NARAL-endorsed candidates flipped five seats in the House of Representatives, including Katie Porter (CA 45), Katie Hill (CA 25), Harley Rouda (CA 48), Mike Levin (CA 49), and Gil Cisneros (CA 39). In critical statewide races, pro-choice, NARAL-endorsed candidates won every position. And in the California State legislature, NARAL-endorsed candidates Anna Caballero (SD 12), Rebecca Bauer-Kahan (AD 16), Christy Smith (AD 38), Cottie Petrie-Norris (AD 74), and Tom Umberg (AD 34) flipped anti-choice seats to reclaim a pro-choice supermajority.
These wins came from the hard work of organizers and dedicated volunteers who spent their days knocking on doors, making phone calls, and mobilizing their friends and families, and resulted in the largest voter turnout in a midterm election in decades. In California alone, turnout was at 62.5%, the highest percentage in a California midterm since at least 2006. These results send a resounding message to the country about California’s values and our condemnation of the anti-women, anti-immigrant, anti-LGBT policies of the Trump Administration.

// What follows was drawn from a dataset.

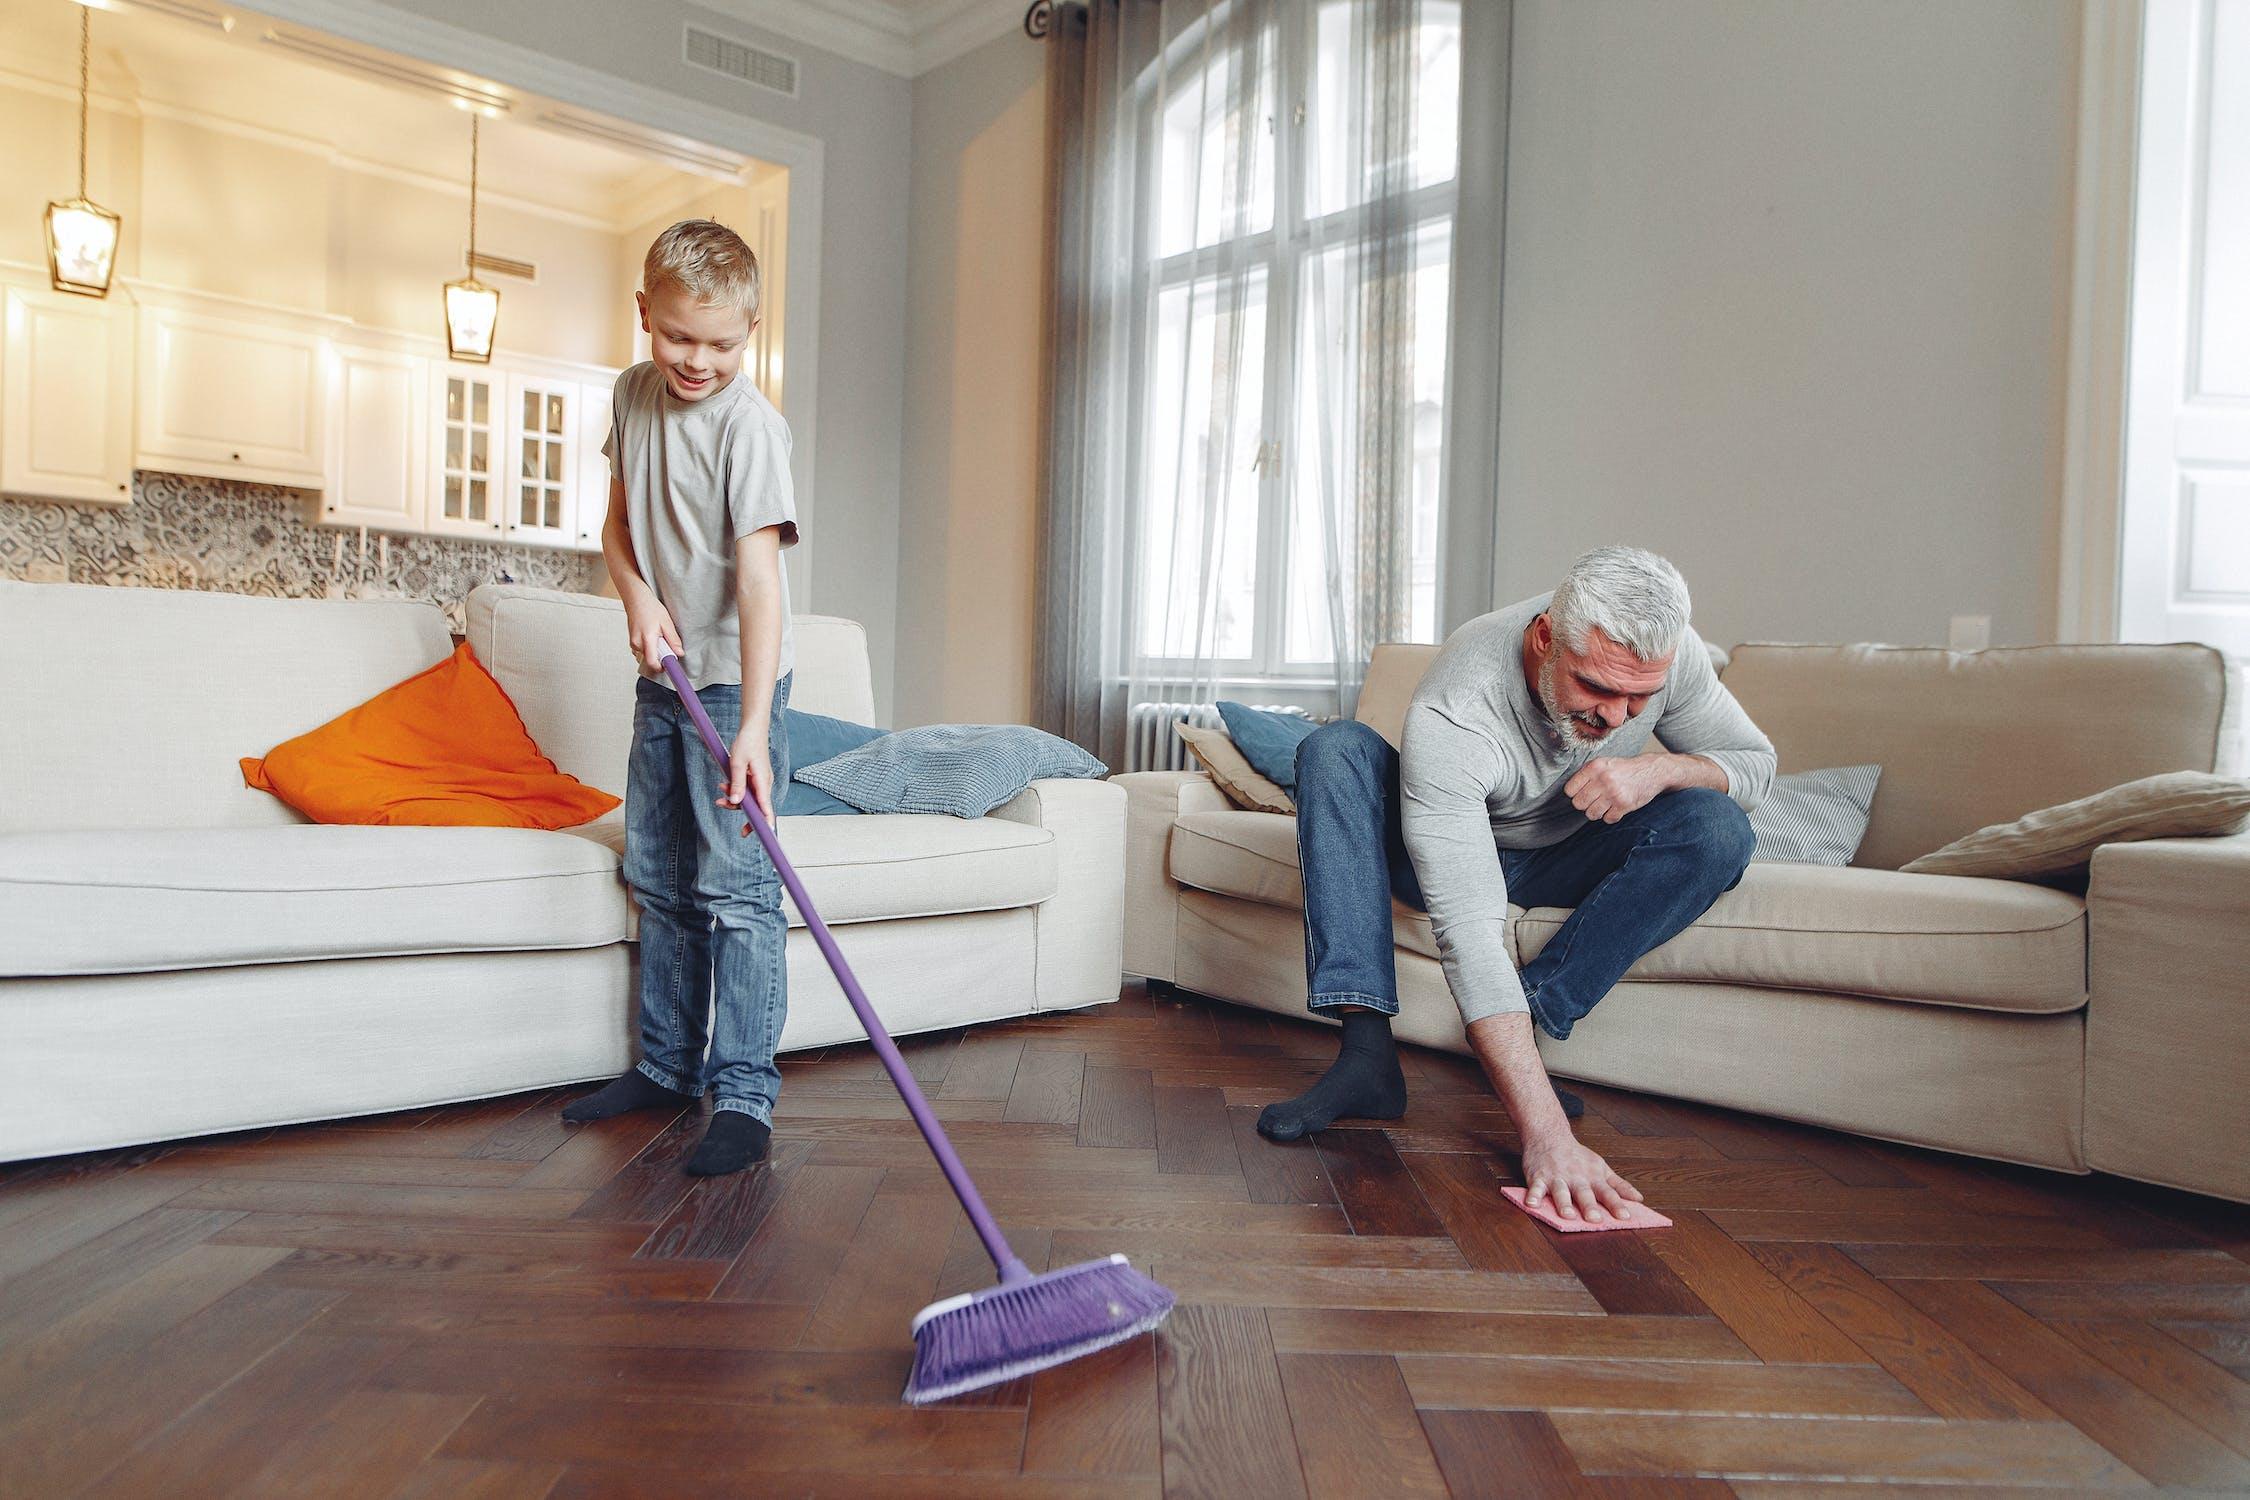 4 Vital Spring Home Care Tips

But this moment is more than a victory. It is a continued call to action, for both ourselves and our leaders. Our work is far from over; there are still many barriers to accessing reproductive healthcare in California. As of 2014, 43% of California counties were without an abortion clinic. College students and people in rural areas still struggle to access abortion services, and Governor Brown’s veto of SB 320, which would have mandated that the UC and CSU provide medication abortion care, was a reminder that in California the fight is far from over. Anti-choice, religious-run fake women’s health centers, commonly referred to as “Crisis Pregnancy Centers,” operate in California in alarming numbers; women who work for religious institutions are legally allowed to be fired for private reproductive healthcare decisions; and the steep price of abortion services continues to disproportionately affect lower-income women. If we are to rectify these wrongs, we will need visionary leadership from our elected officials.
Fortunately, we are prepared to strike boldly towards a future where every Californian has equal access to reproductive freedom. The bill to bring medication abortion to all public universities is being reintroduced next week, and Governor-elect Gavin Newsom has already pledged to support it.
As constituents, we have never been more active, involved, or better positioned to get the kinds of results we expect from our representatives. But future victories don’t come without continued engagement — so it is on us to write letters, to rally, to make phone calls, and to show up and hold our electeds accountable. In doing so, we give our representatives the opportunity to be the leaders on reproductive freedom that this nation needs.
Although California had historic wins for reproductive freedom at the ballot box, access to reproductive healthcare services has never been more tenuous in the rest of the country. In the 2018 election both Alabama and West Virginia voted to approve measures that will severely limit abortion access and act as “trigger” laws to make abortion illegal when Roe is gutted. With an anti-choice majority locked into the Supreme Court for generations to come, the future of legal abortion care hangs in the balance.
California must remain a beacon of hope for the 7 in 10 Americans who believe women have the right to control their reproductive destinies, and a place where no woman is left behind because of her economic or geographic background. With a post-Roe world looming, it is ever more incumbent on us to take steps to make accessibility and affordability a top priority in California, and to ensure that no woman in California will ever be criminalized for managing her own abortion care.
In 2018 we sent pro-choice champions to Washington and Sacramento with the message that we will not go back. Now is the time to make that message an ultimatum and rise up to the challenge and opportunity of making reproductive freedom truly and unequivocally a right in California.